PRUDENCE PIONEER
Remembrances
Violet Watters of Acton
By Elliot McRae
Last week we lost a true original. Ms. Violet Watters of Acton, Massachusetts died at age 75 if we’re to take her word at face value. Her age, of course, is the least interesting thing about her. Violet was born in Prudence, a February Aquarius, as she let everyone know whether they wanted to learn this fact or not while she grabbed your palm and read you like an airport newsstand bestseller. She is survived, presumably by any number of jilted jazz drummers she loved and left over the decades across the American continent, as well as three adopted nieces who adored her; Evelyn, Kathryn, and Amelia. She is also survived by their grateful mother Olivia and unfortunately by myself, since I am now without friend and confidant.
A true pioneer unto her last, Ms. Watters succumbed to the COVID-19 virus. She is one of its first confirmed casualties in the United States, despite not having to my knowledge travelled outside the Nashaway Valley for the last two decades. In that time, she was the mainstay and anchor at my public house, The Black Goat Tavern.

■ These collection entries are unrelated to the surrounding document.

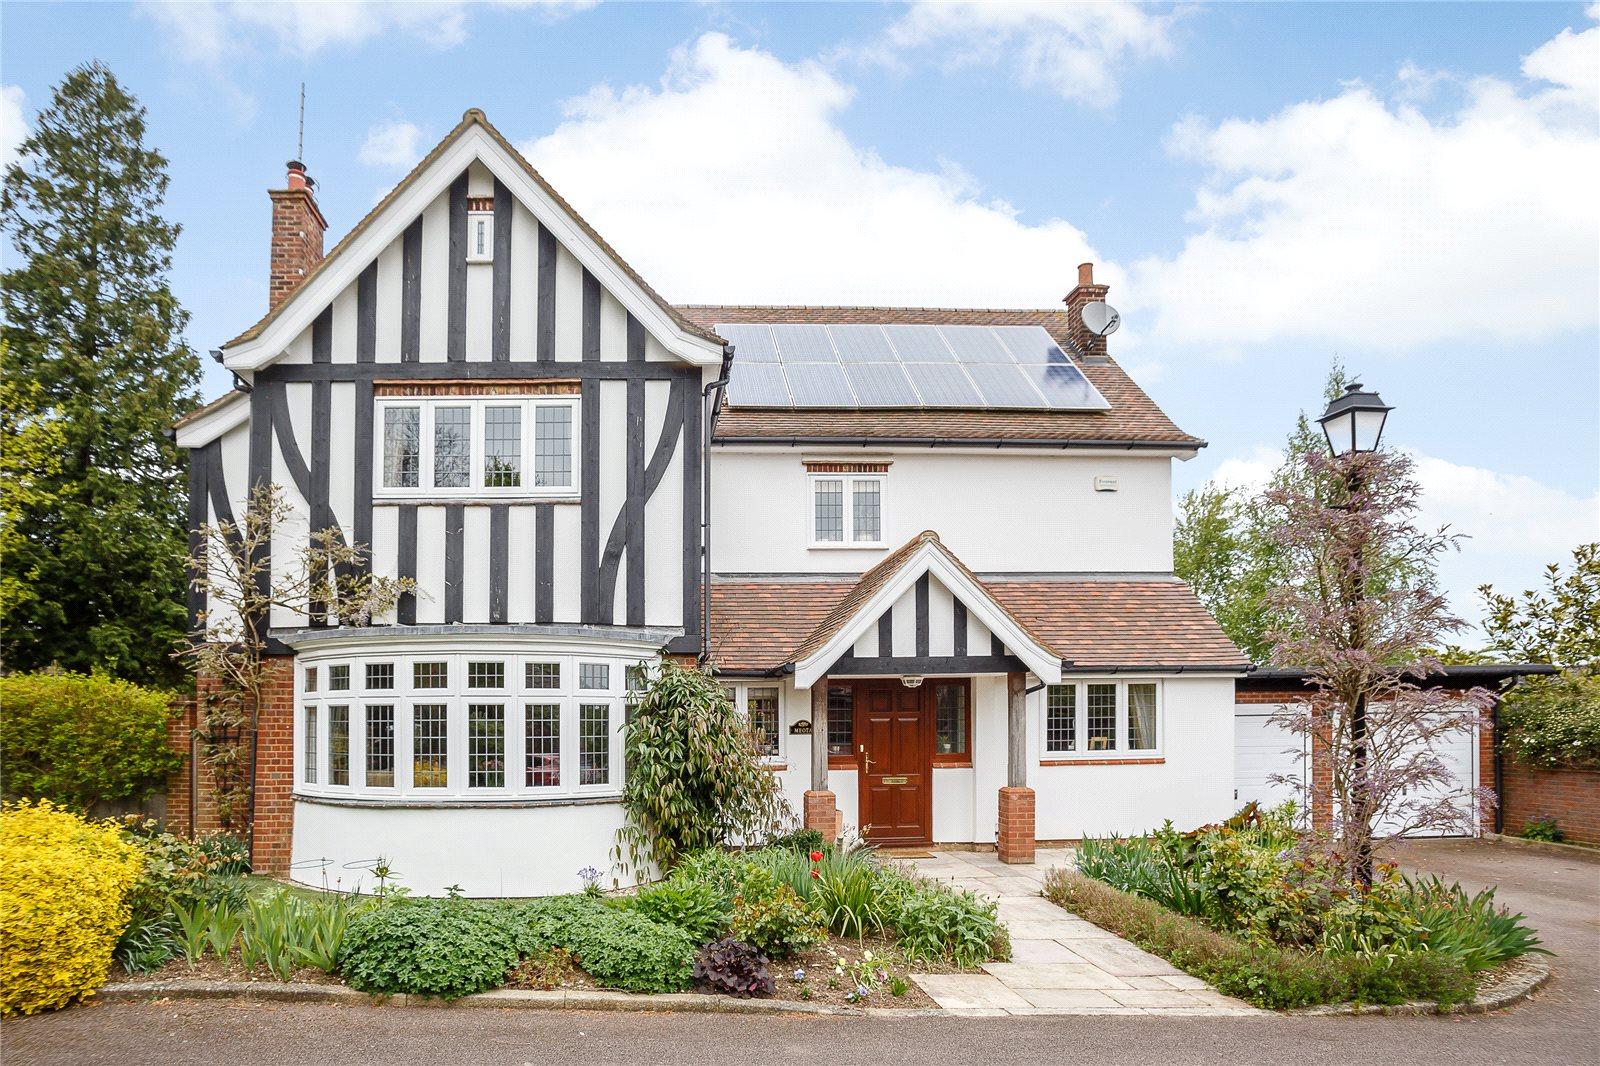 Maison unifamiliale pour l Vente à The Bourne, Salisbury Avenue, Harpenden, Hertfordshire, AL5 Harpenden, Angleterre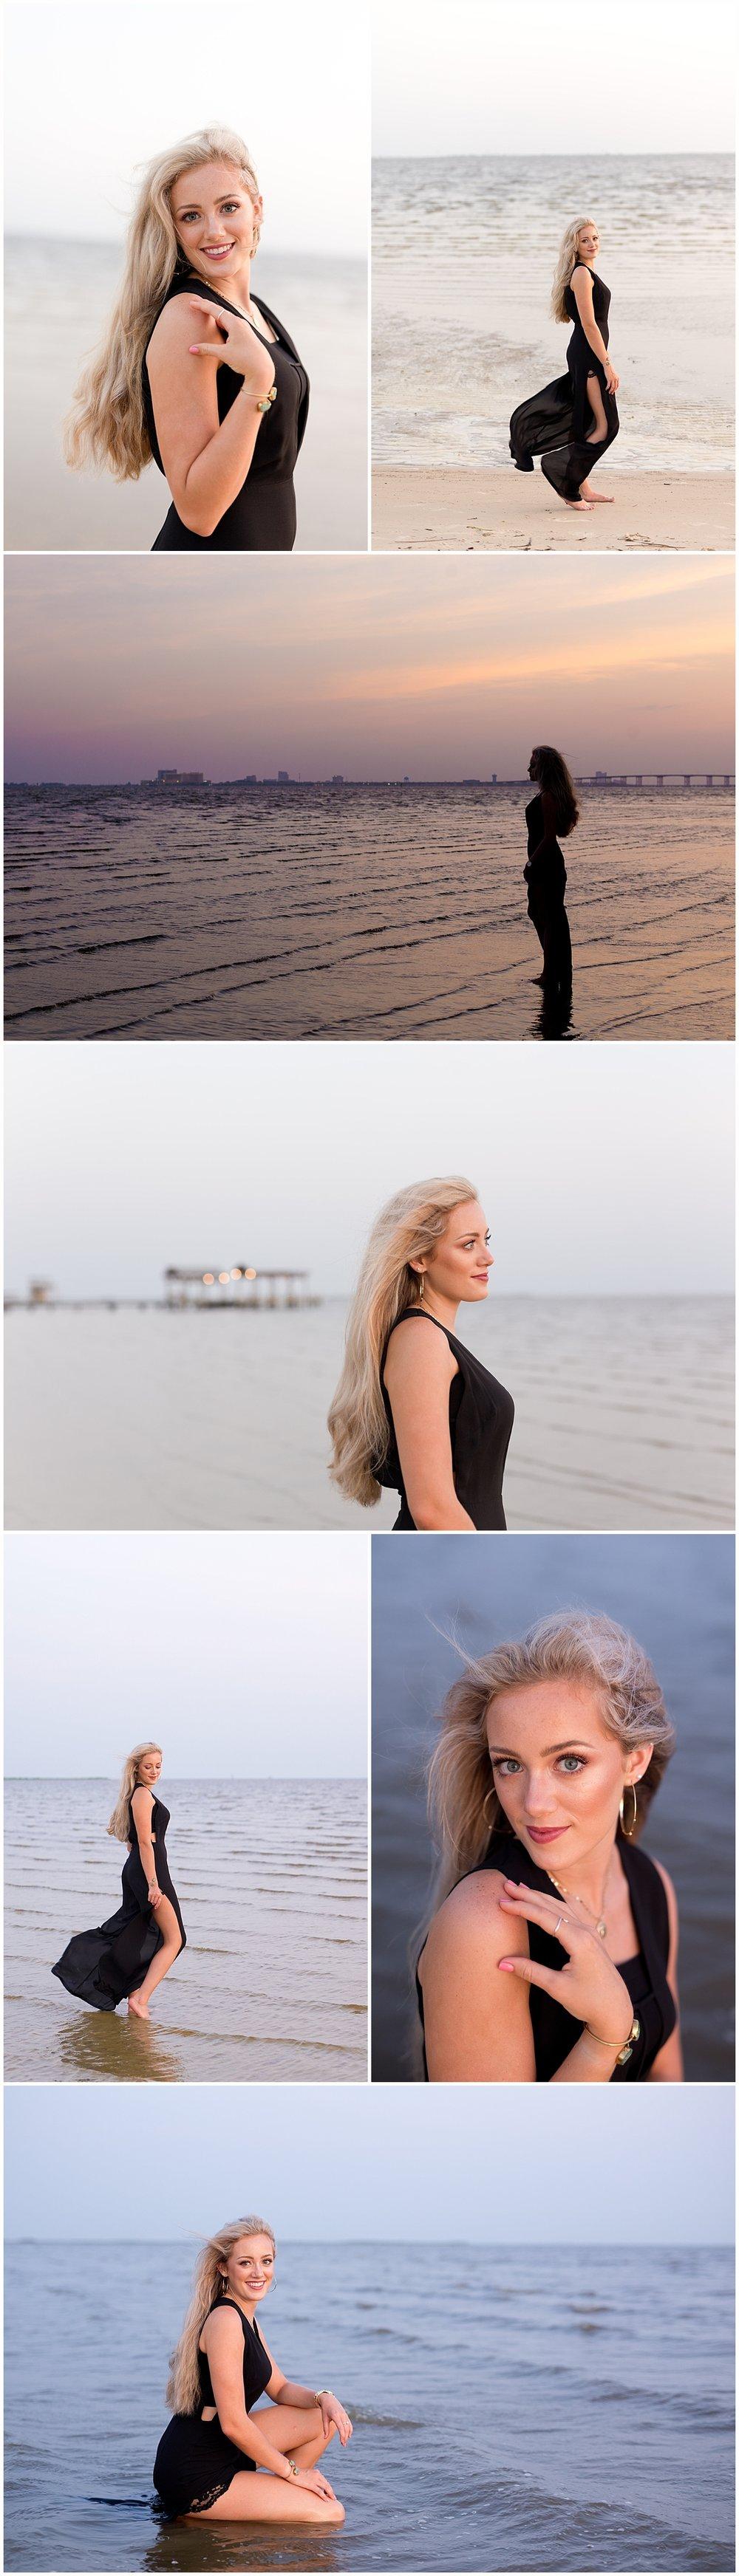 Ocean Springs senior portraits - East Beach senior pictures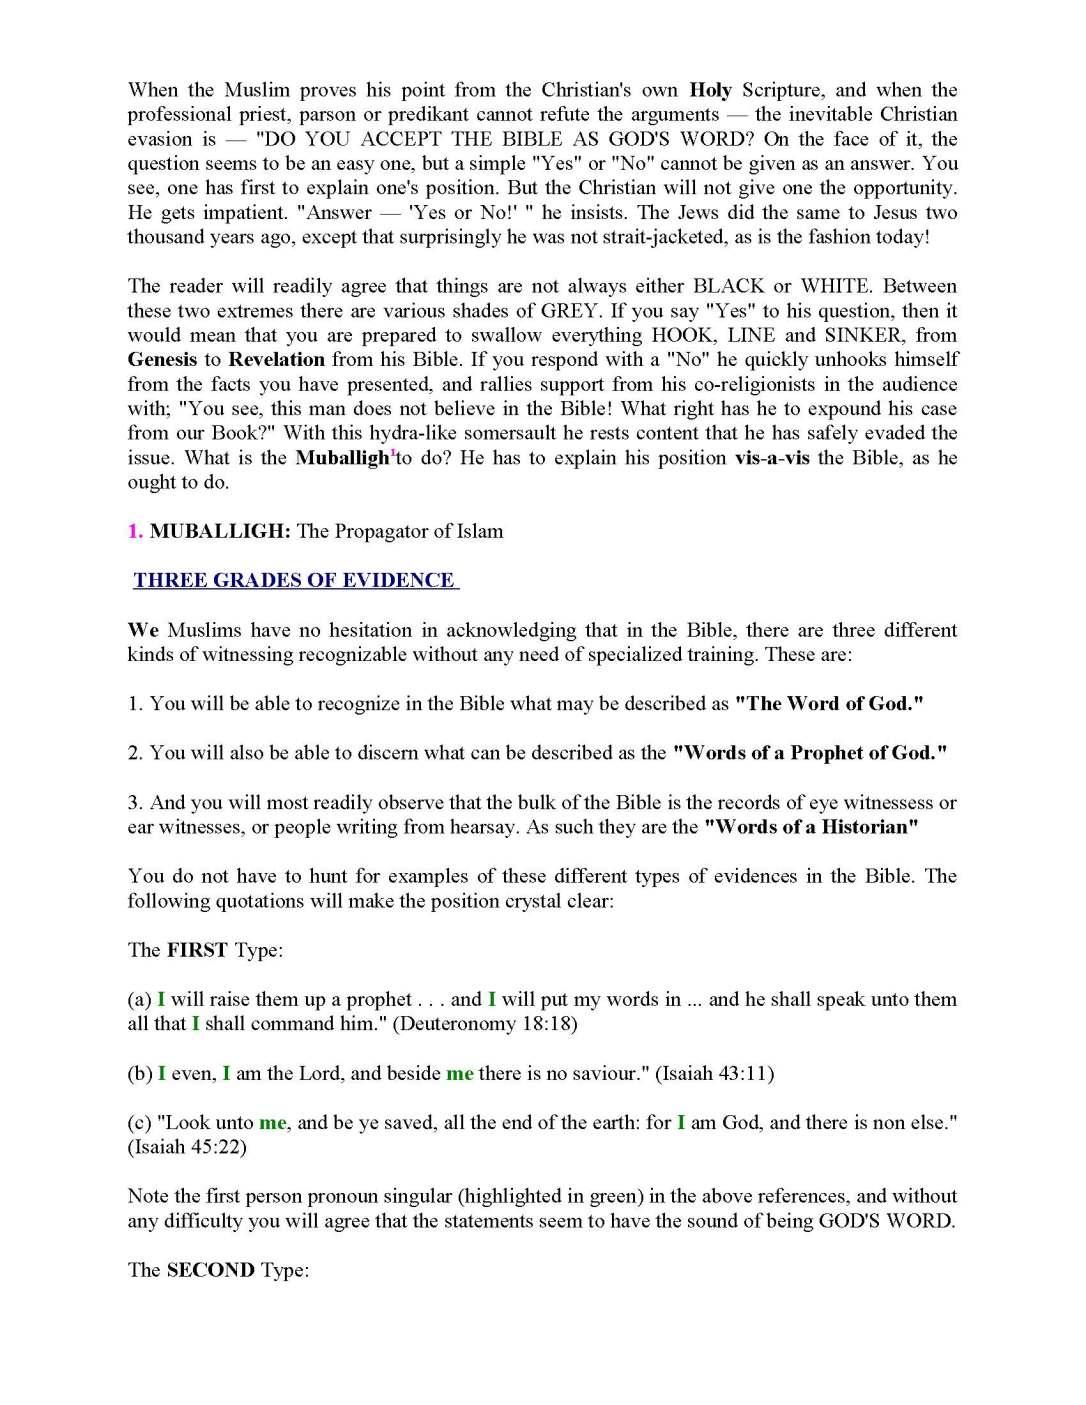 Is The Bible Gods Word [deedat]_Page_03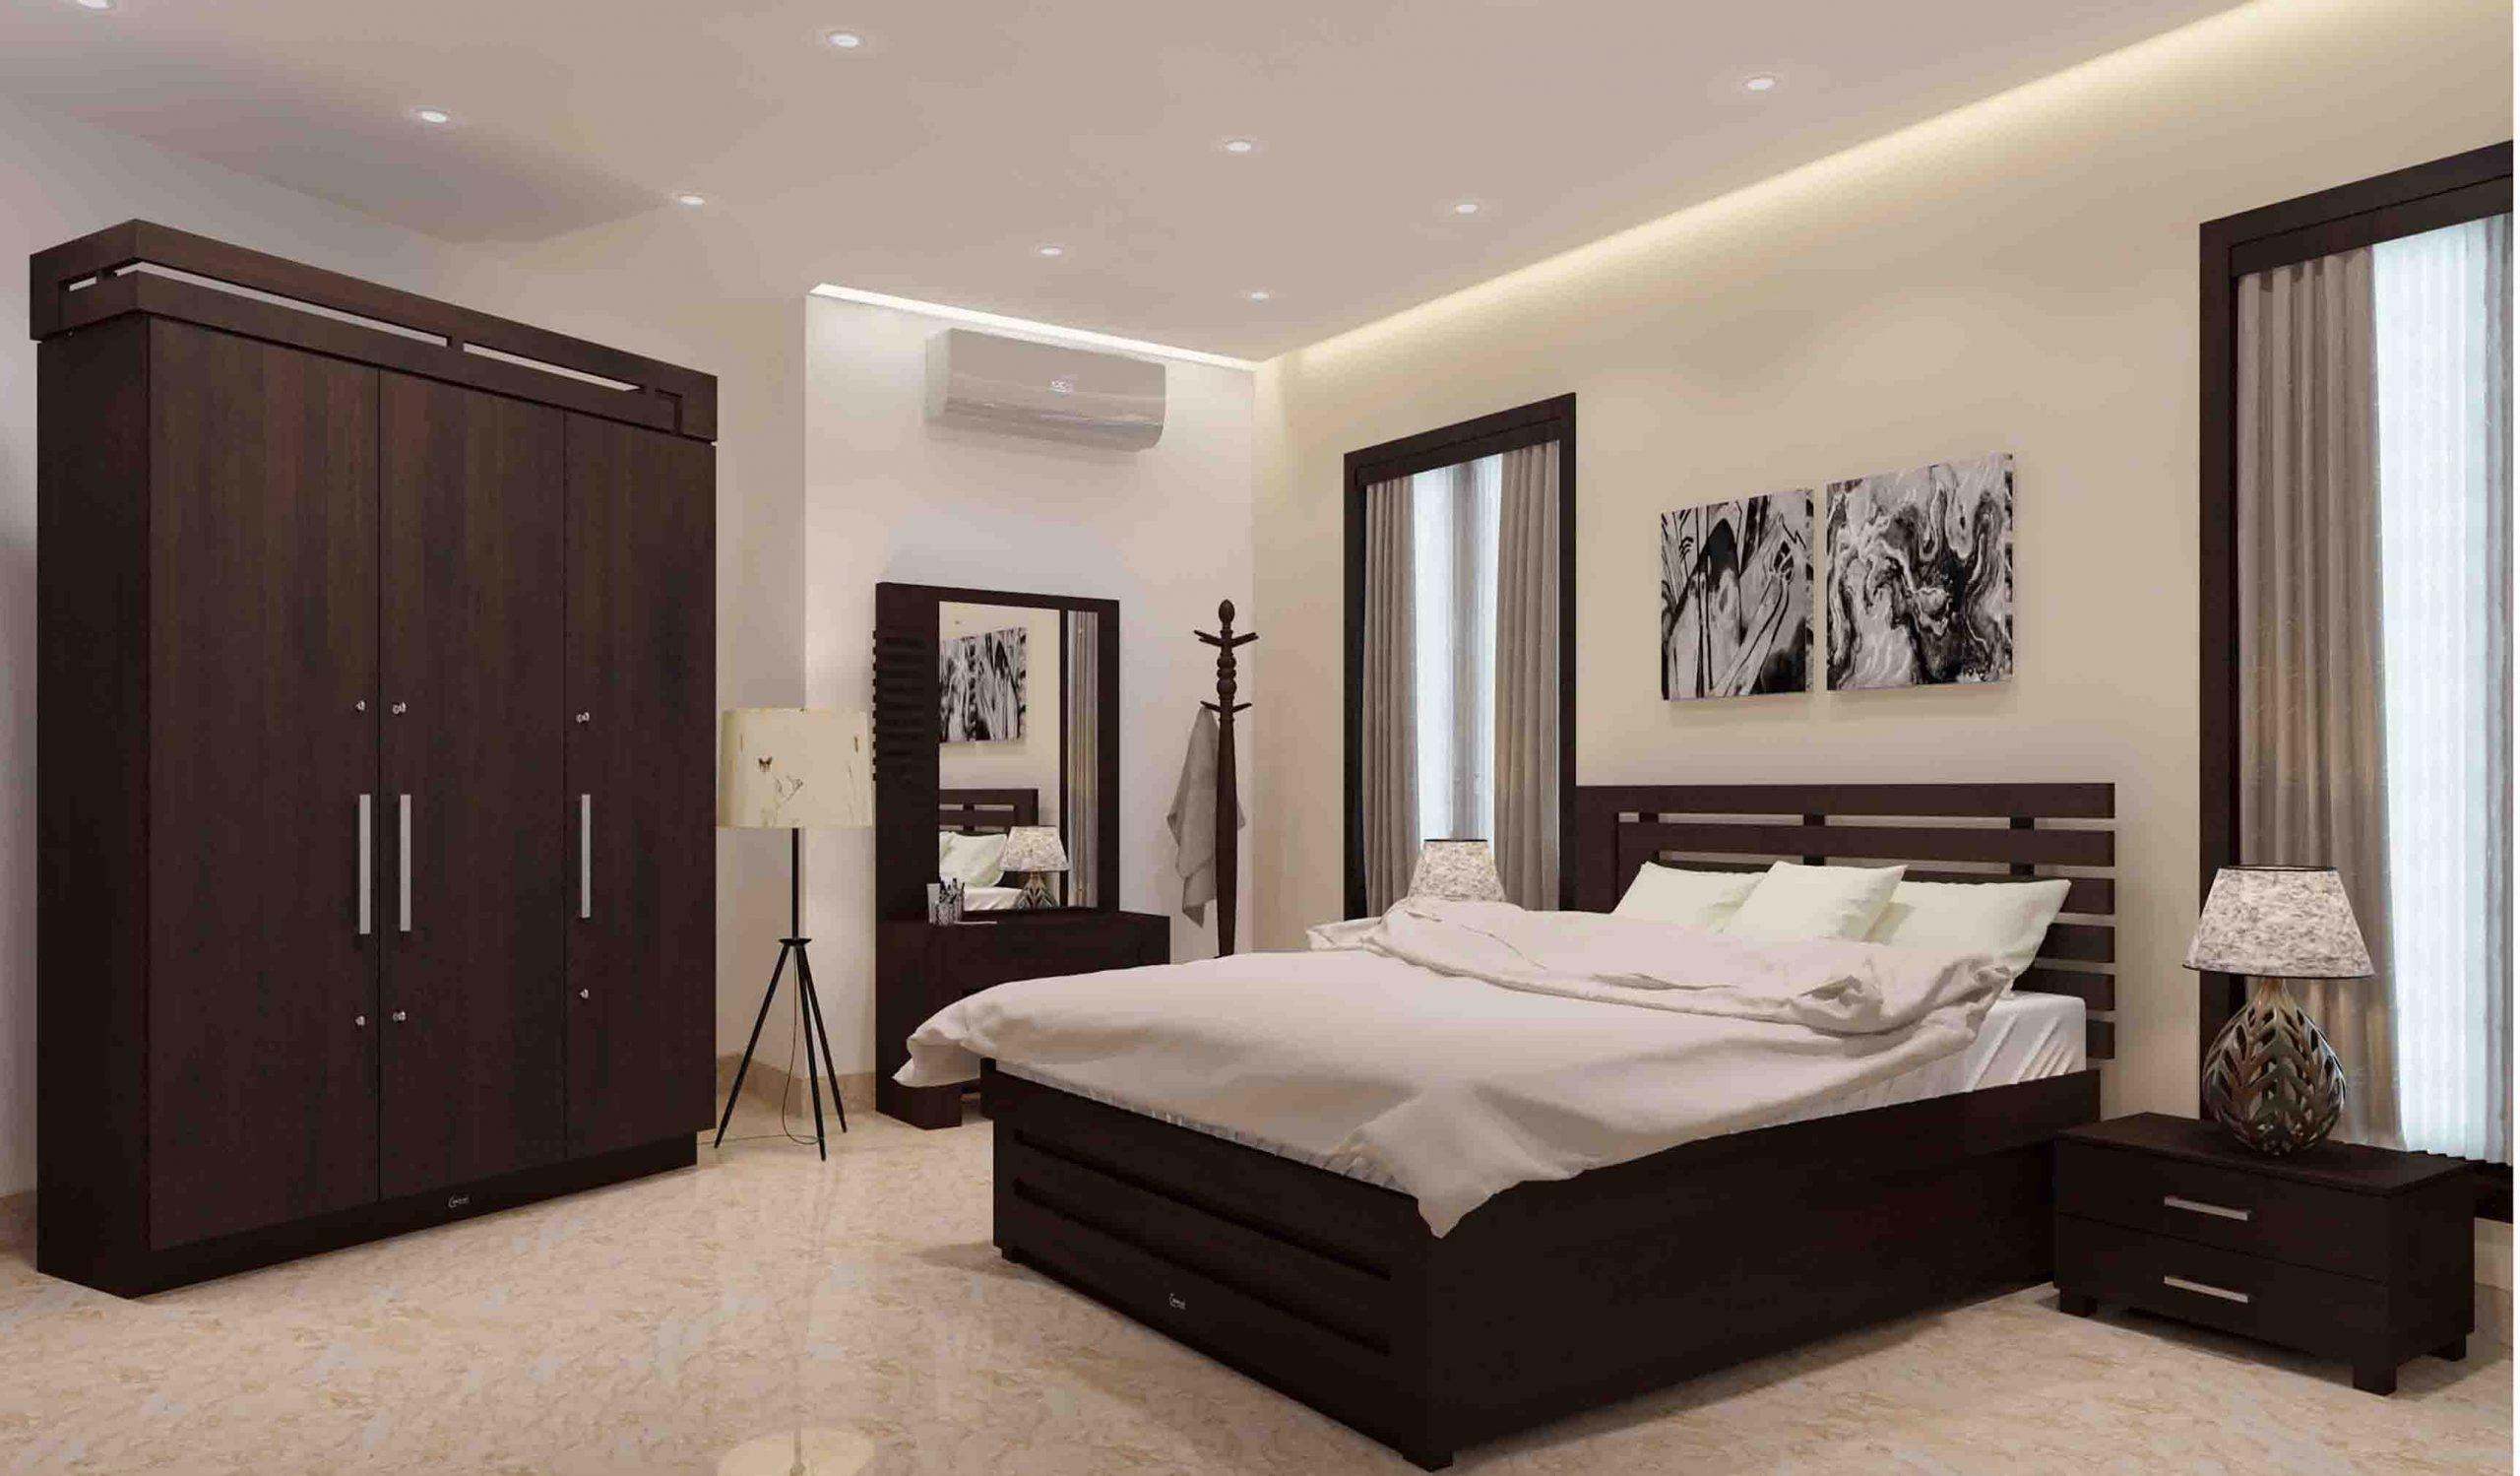 Bed room furniture in kerala

To those who did not know her, she was a bag lady, or a cat lady, or that kooky Volvo lady, or maybe the neighborhood witch. Such was her purposefully under pruned yard and overgrown lawn that kids from all the surrounding towns dared each other to knock on her door each Halloween. It was the only night each year, New England’s weather permitting, when she didn’t venture out to the Goat. Instead, she’d shout ‘Boo!’ from her upstairs window and then toss down full size candy bars to the few brave souls who made it up the front steps. And if I went by to clear that yard of leaves, snow, or weeds, I always caught hell. ‘Let nature take its course!’ she’d shout with some effs and other choice curses mixed in.
Even for myself, the particulars of her life remained a mystery. How she could afford that big house all on her own was a matter she never mentioned. To be fair, I never asked. And how she could find color coordinated felt berets for each season without possessing any knowledge as how to shop online, is but one of many other stylish eccentricities I could never figure out. In the end, Violet Watters was no mystery at all. She was very real. Real to the point, that unlike most of us she didn’t shy away from death, including thoughts about her own. ‘Bury me, toss me in the river, strike a match and light the pyre, shoot me into space! For God sakes Eli, let nature take its course!’
According to her wishes, the bar tab she predeceased has been forwarded to Huntsville, Alabama for proper calculation. Although she never paid in money for the countless cases of Italian red wines she strongarmed me into ordering for what had at first been a local dive, she cleared her debts in personality with more than enough charm leftover for gratuities.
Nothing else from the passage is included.